• _TASK_: Repeat everything in the listing exactly, except for the images.

• _DATA_:
"""
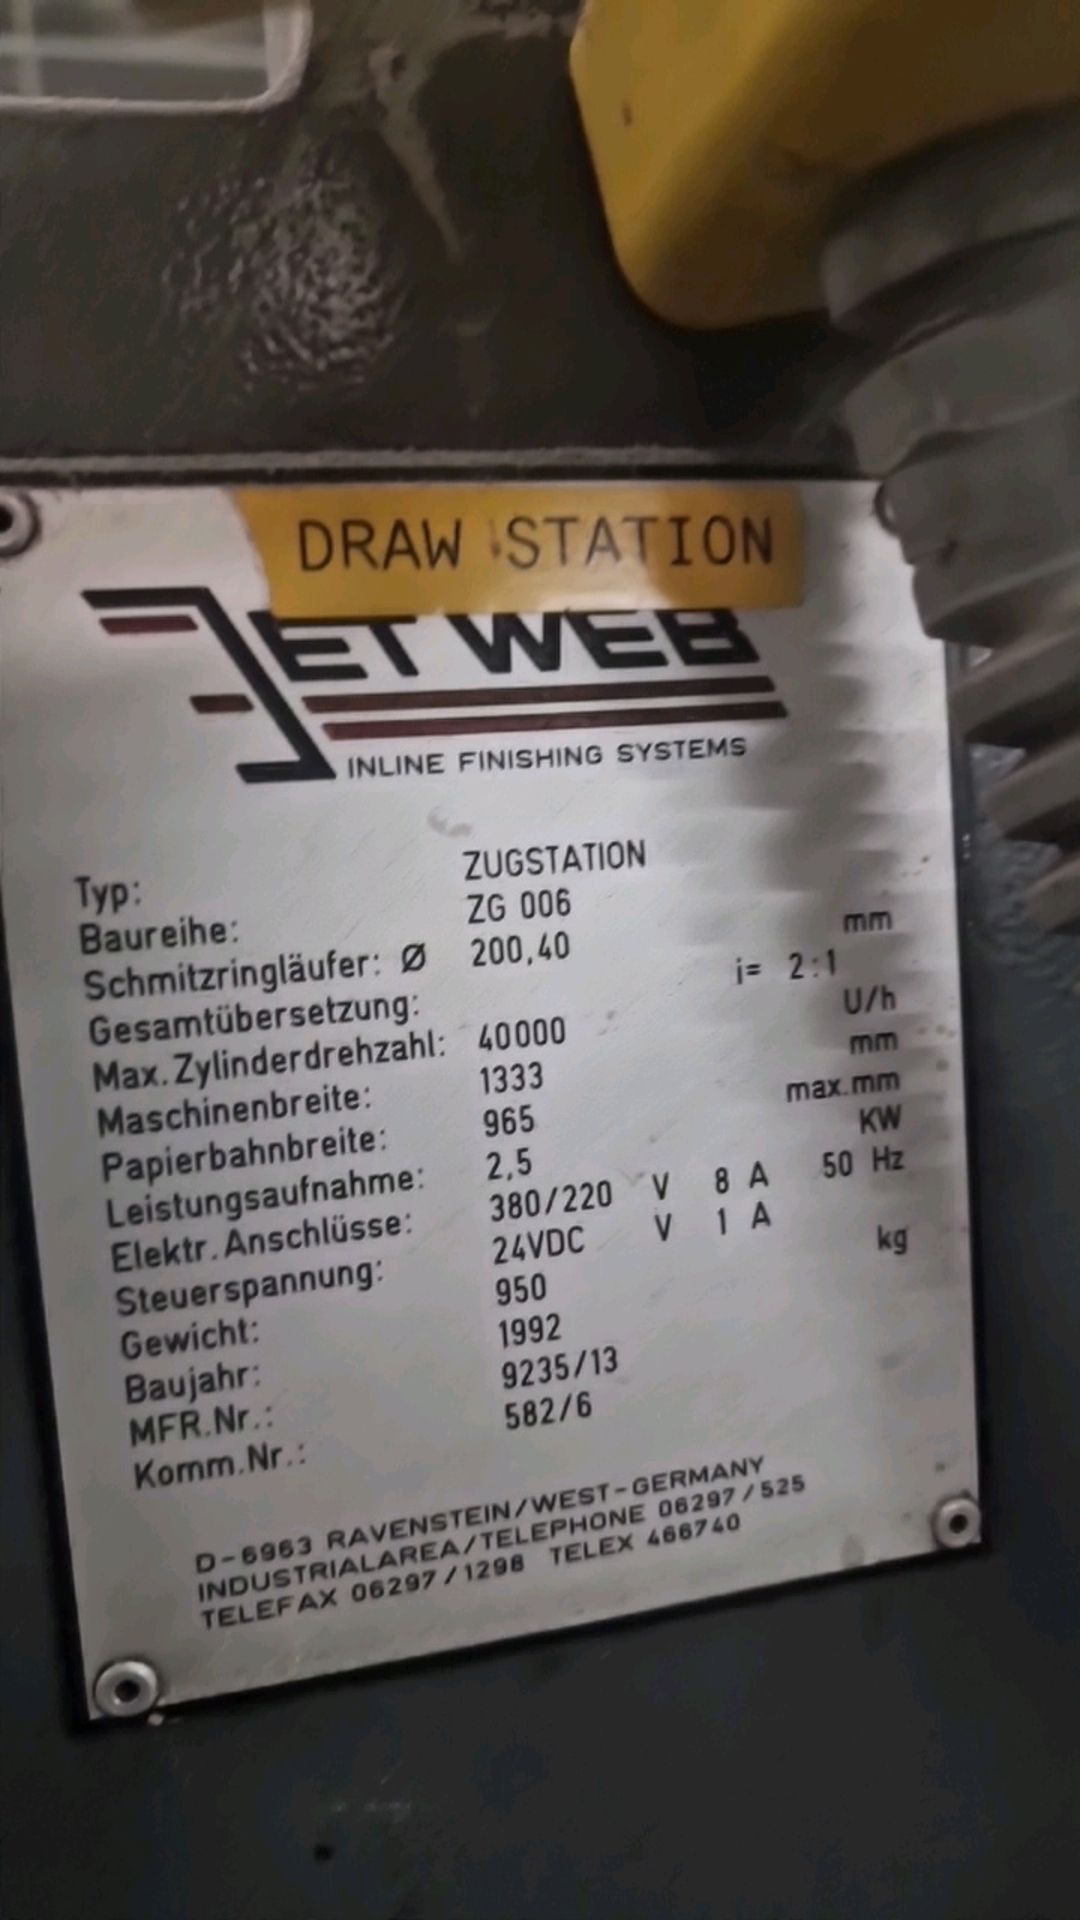 Jet Web Draw Station - Image 3 of 6
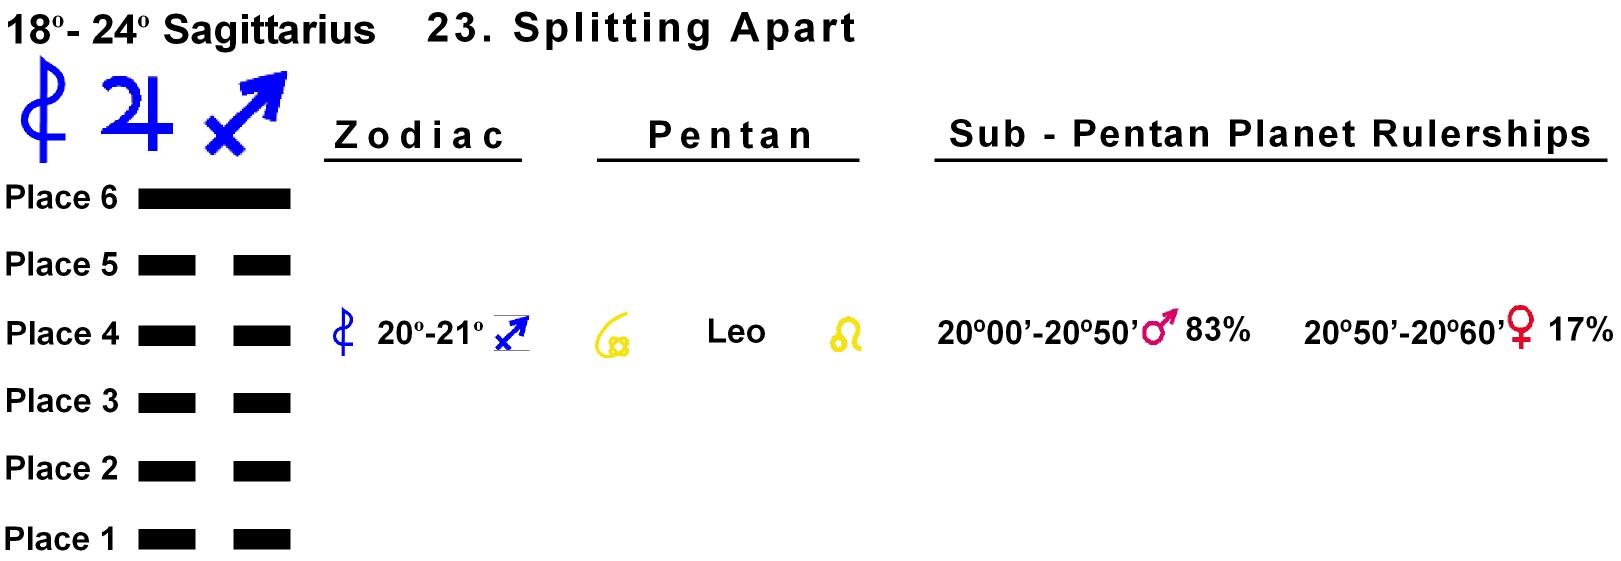 Pent-lines-09SA 20-21 Hx-23 Splitting Apart
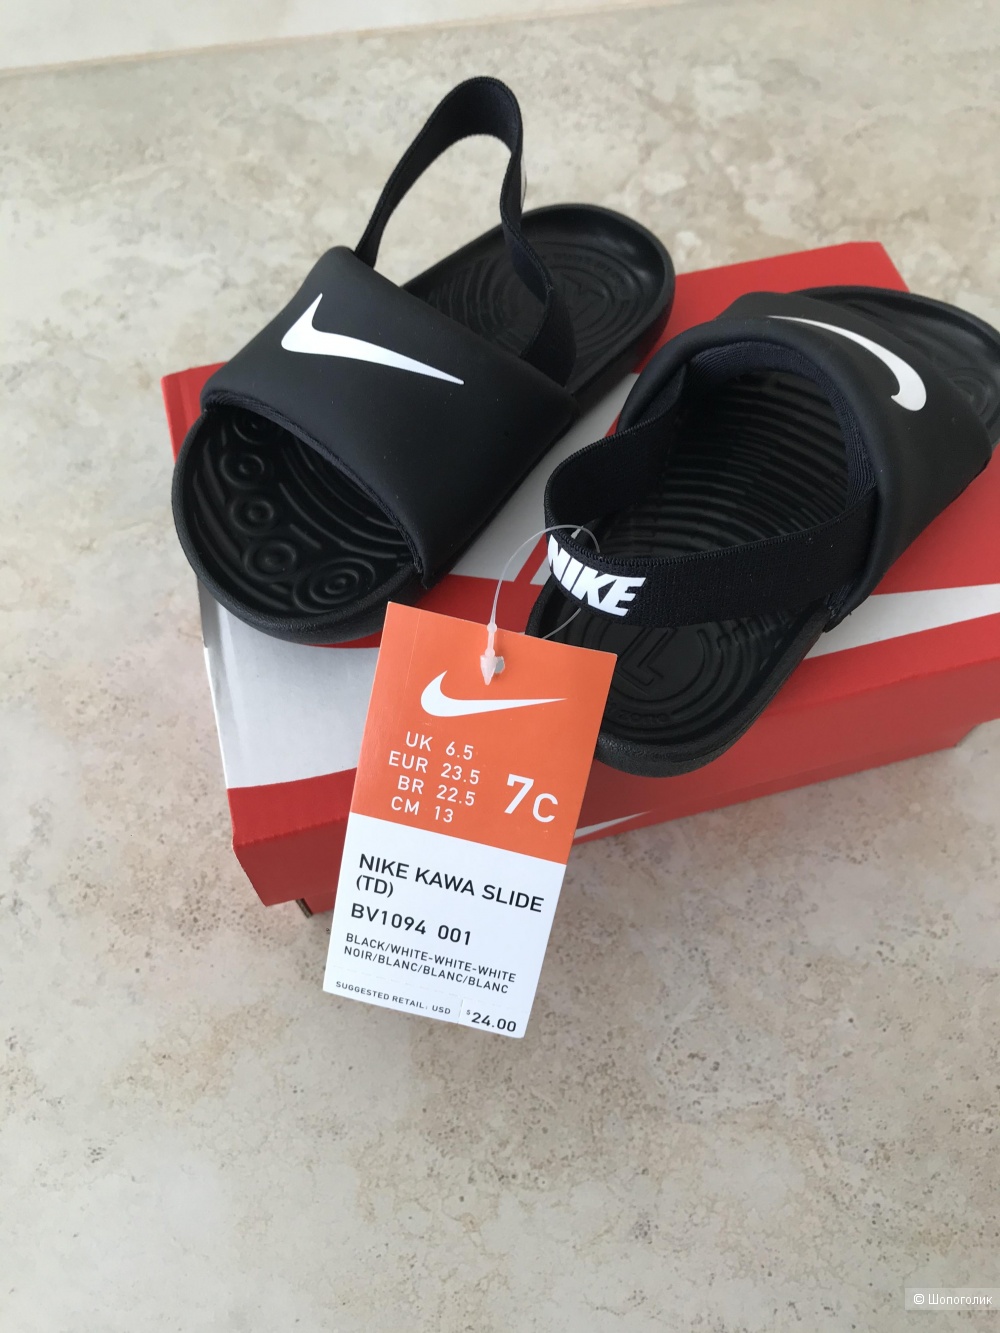 Детские сандалии Nike, 22 размер
"""
• _THE ANSWER_:
 Jet Web Draw Station - Image 3 of 6
 Pent-lines-09SA 20-21 Hx-23 Splitting Apart
 Детские сандалии Nike, 22 размер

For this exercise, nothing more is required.